2. RECEIVING A REPORT

The RSI must acknowledge the receipt of a report within 7 days of receiving it.

3. INITIAL ASSESSMENT

The RSI will assess whether the report falls within the scope of breaches outlined in Article 2, specifically serious or very serious breaches.

• EU law violations.
• Serious or very serious administrative offenses.

Based on this assessment, the RSI will decide whether to proceed with the report or dismiss it.

4. ADDITIONAL INFORMATION

If necessary, additional information may be requested from the whistleblower during the investigation.

The whistleblower will be informed of the decision and be asked to provide further details if necessary.

5. FINAL PROCEDURE

Once a decision is made, the RSI will take the following actions:

• Archiving the report.
• Sending it to the relevant authorities if it involves a criminal matter.
• Sending the information to the appropriate regulatory body if the breach involves serious offenses.

If the reported incident occurred outside the company’s scope, the report will be forwarded to the relevant external system.

The RSI will follow up on the report within 3 months from the date of submission or the deadline for actions under investigation.

6. VERIFICATION AND INTERNAL CONTROL

The RSI ensures confidentiality and data protection throughout the process.

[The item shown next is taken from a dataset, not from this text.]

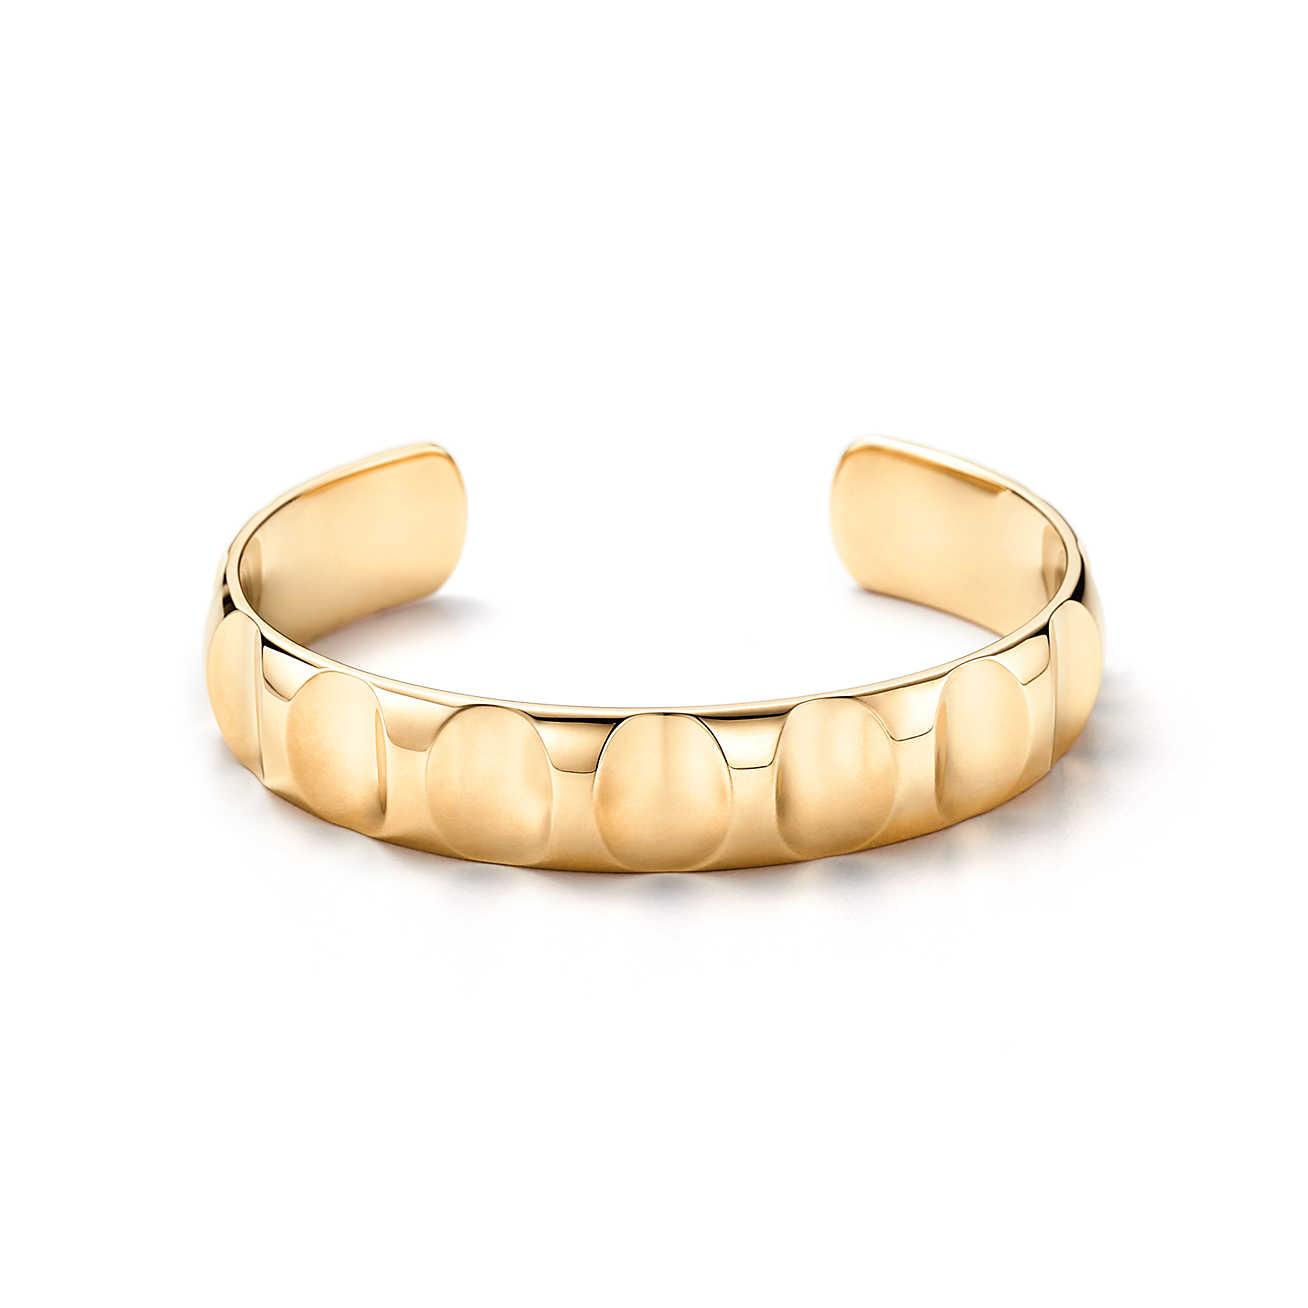 Brillant Juwelier - Goldschmiede - Goldankauf in Opladen / Leverkusen
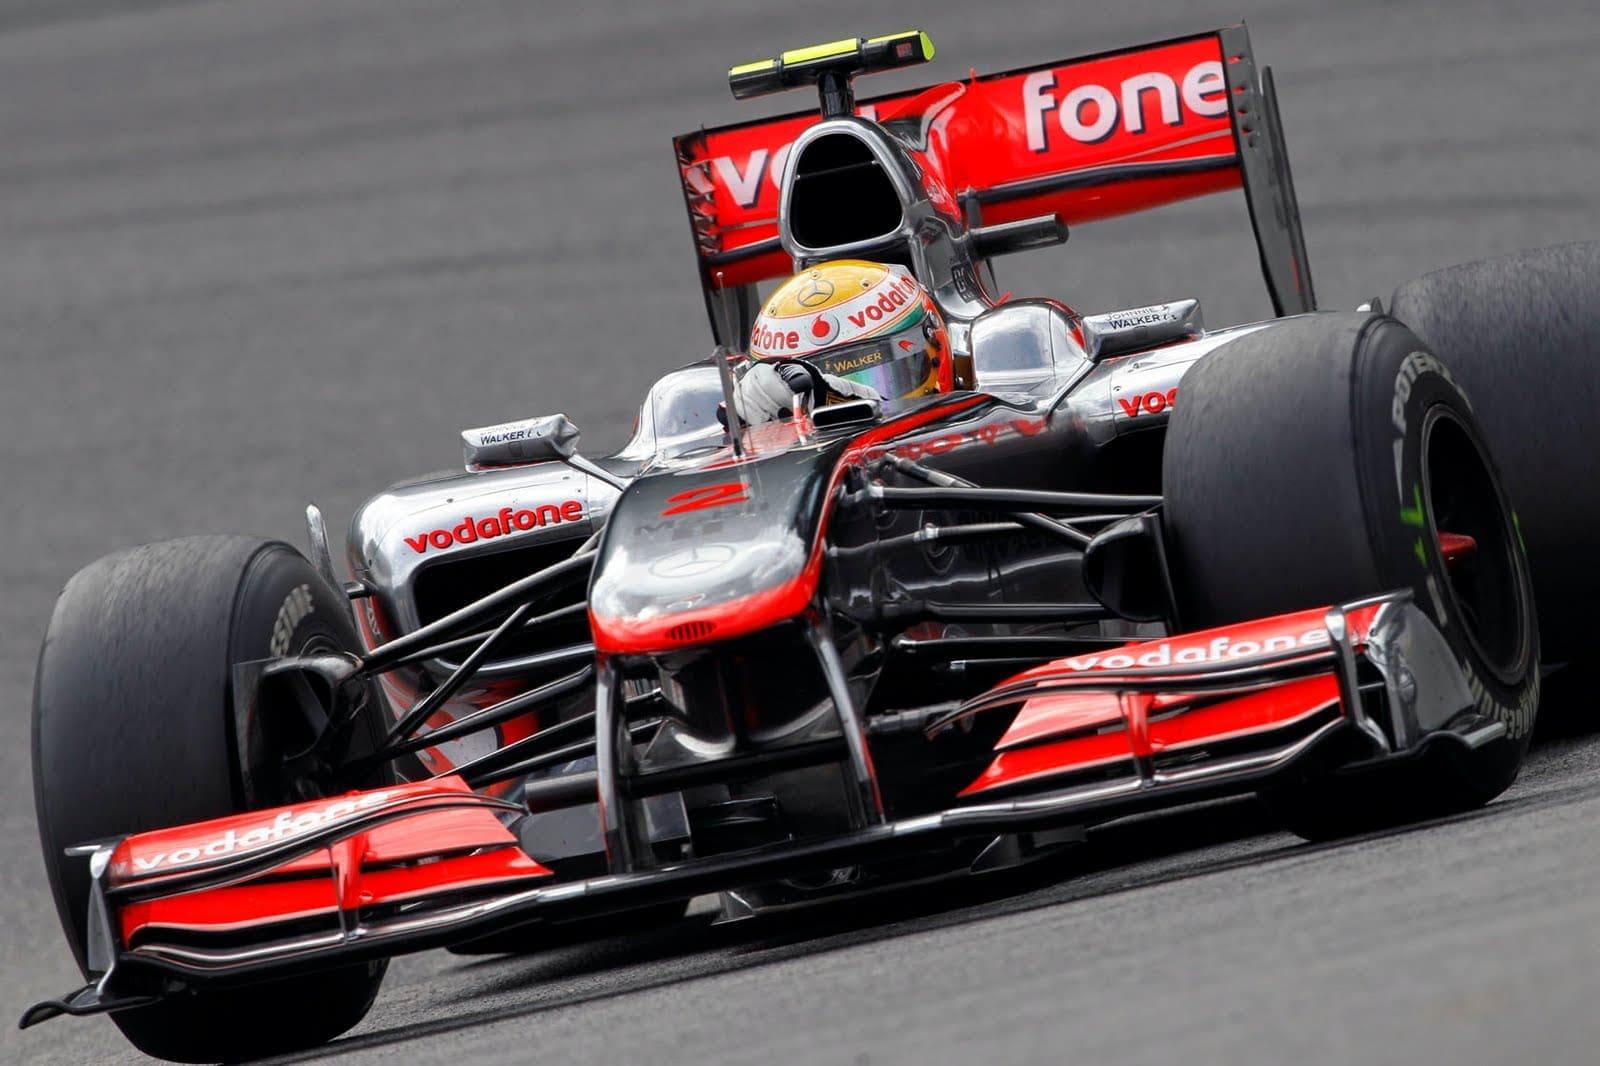 mclaren-formula-1-2011

Only essential data will be collected and processed.

An internal log will be maintained, which is confidential and will only be accessible under legal conditions.

The collected data will be retained only for the time necessary to fulfill the obligations established by law.

7. BREACHES

The Independent Data Protection Authority will have jurisdiction to investigate breaches, as outlined in Title IX of the law, including reprisals or breaches of confidentiality.

Additionally, knowingly providing false information is considered a serious offense under the law.